As soon as it dips to that, if you end up going all the way to zero, or if you just make that claim? If you say, “Oh, there’s a zero percent chance this could ever happen.” Bayes Rule will not help you, your system can never recover.
I already gave the answer previously of even if you get tails, it’s like sorry, Bayes Rule tells you there’s a zero percent chance. You cannot recover. No matter how sure of yourself that you are, you always need to remain a little bit skeptical. You might think that there’s a 100 percent chance of the sun coming up tomorrow. That would be a pretty good bet. For most days, you’d be right, but if it turns out that tomorrow is the day that our sun turns into a red giant and consumes the earth, hopefully your millennia of prior experience with the sun coming up every day doesn’t cause you to accidentally die.
On that note, it always pays to have good information, and good guesses. We don’t have to wait until our sun explodes. We can actually take a look at other stars and see what happens to them. We can compare our situation to another, it’s not exactly the same, but it’ll give us a better prediction than we would have otherwise. The more data and the more predictions that we make, the better our outcomes will be. Let that sink in. I highly recommend a book called Algorithms to Live By. I think it’s a book every programmer should read. It’s got a good narrative and it has an entire chapter on Bayes Rule. It’s very easy to read, it doesn’t get into the math, nitty gritty, like I did. I also have, oh, I see some people taking photos, I’m going to leave it up here and speak to delay the next slide. Okay, good, good.
I also highly recommend The Signal and the Noise. This is a book written by Nate Silver, it’s about probability. Nate Silver runs 538, he successfully predicted our 45th president had a one in five chance of winning and would likely lose the popular vote. He did not predict the magnitude by which he would lose the popular vote. Just saying.

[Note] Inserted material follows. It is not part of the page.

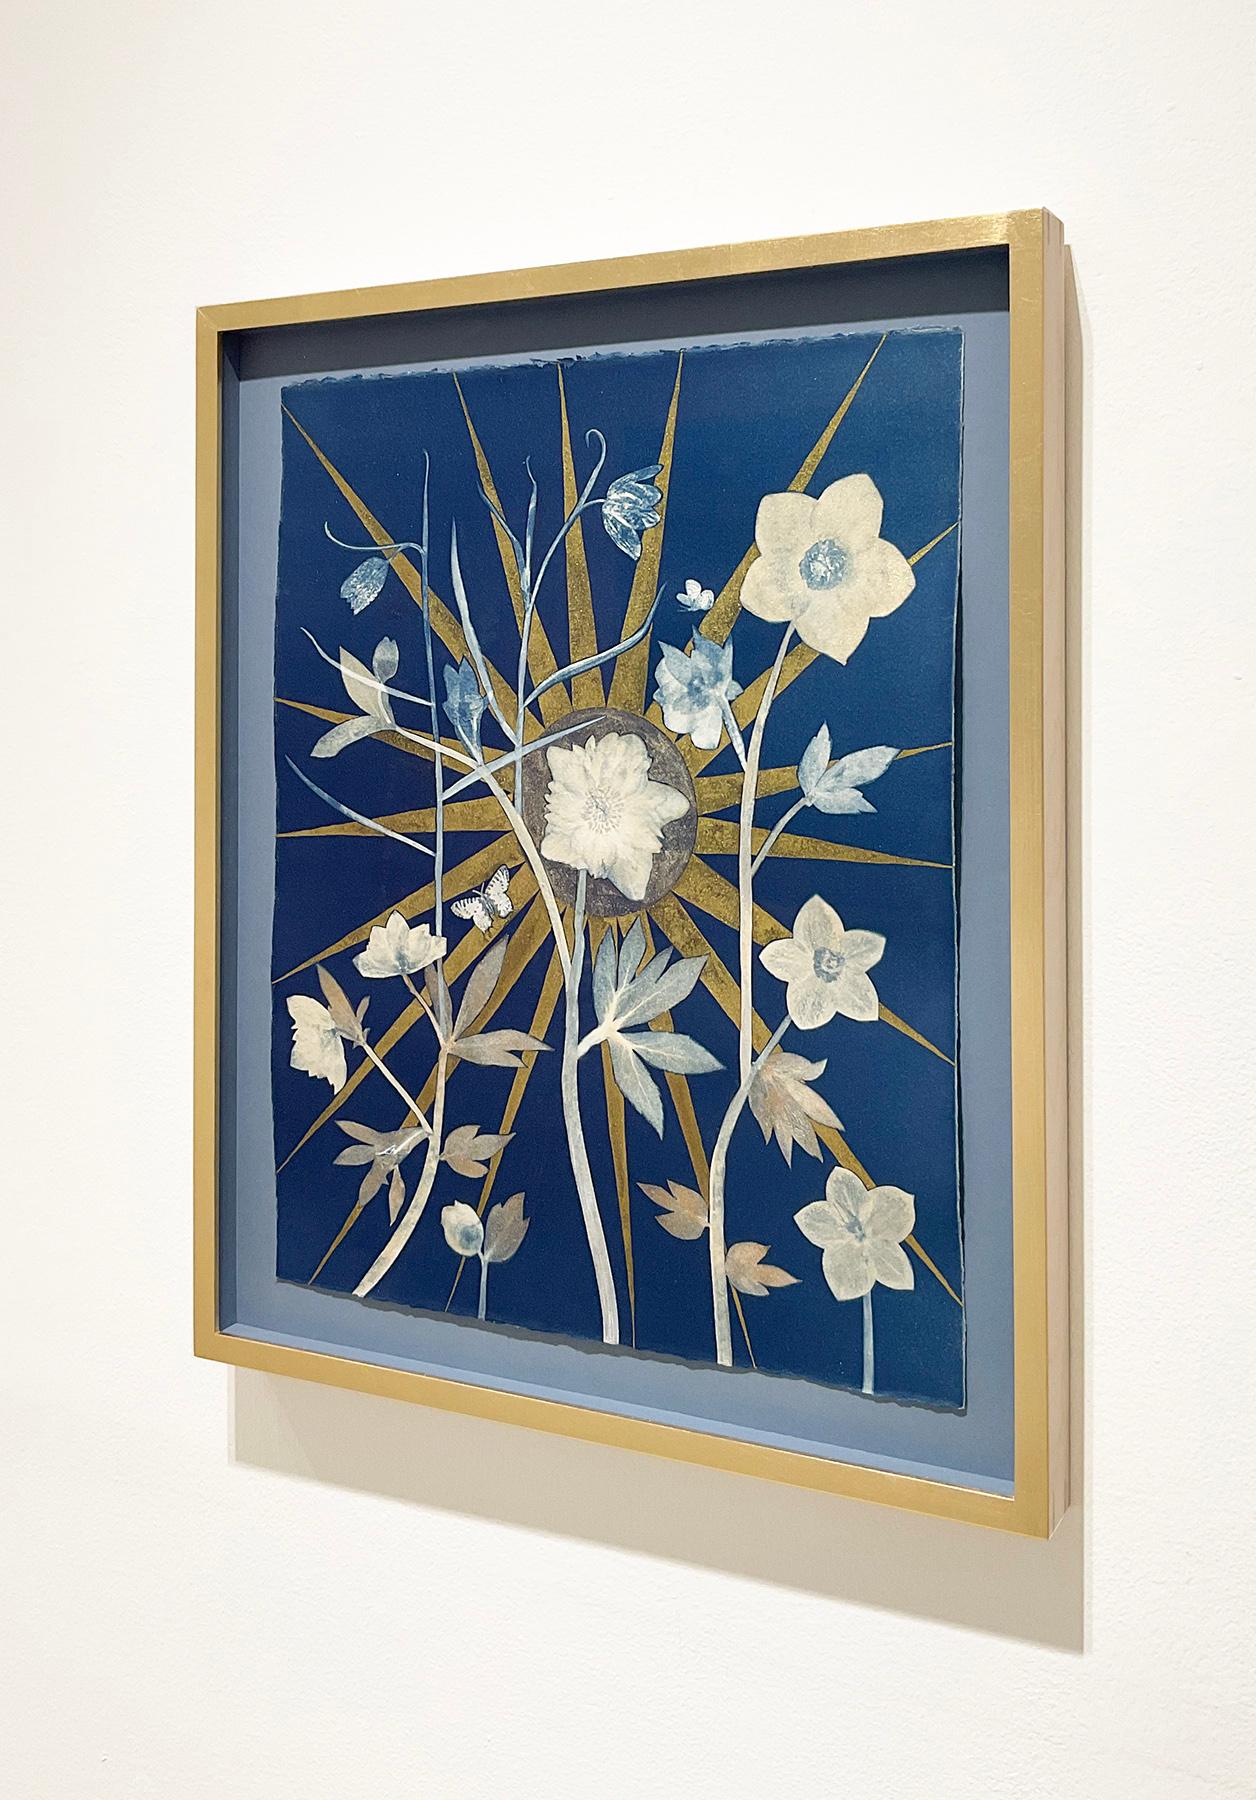 Hellebore, Center Star (Still Life of Golden Sunburst, White Flowers on Indigo) - Painting by Julia Whitney Barnes

The audio I got, it’s Mozar’s Requiem in D minor. Previously, the Kalman tutorial you saw, you can go to bit.ly/kalman-tutorial. This is Steven D. Levy’s resource. Then, also, if you’re really into Kalman Filters and you want to see a lot of that Kalman Filters, extended Kalman Filters, and other forms this is a great resource. It’s just bit.ly/kalman-notebook. Unfortunately all of this is also in Python but it’s, I mean if you know Ruby it’s pretty easy to read.
You can also check out Udacity and Georgia Tech. And, if you didn’t know, BAE is not short for baby. It’s African American vernacular and it stands for “before anyone else”. So, Copernicus built on top of Bayes theory and developed special cases of when we can truly have no prior estimate, what should we do? Well, Laplace took Bayes’ work and actually much of what we know is Bayes Rule and Bayes Theorem to be the nice, pleasant polished thing that it is, actually comes from Laplace. So, before there was Copernicus, before there was Laplace, Bayes was BAE. Thank you very much.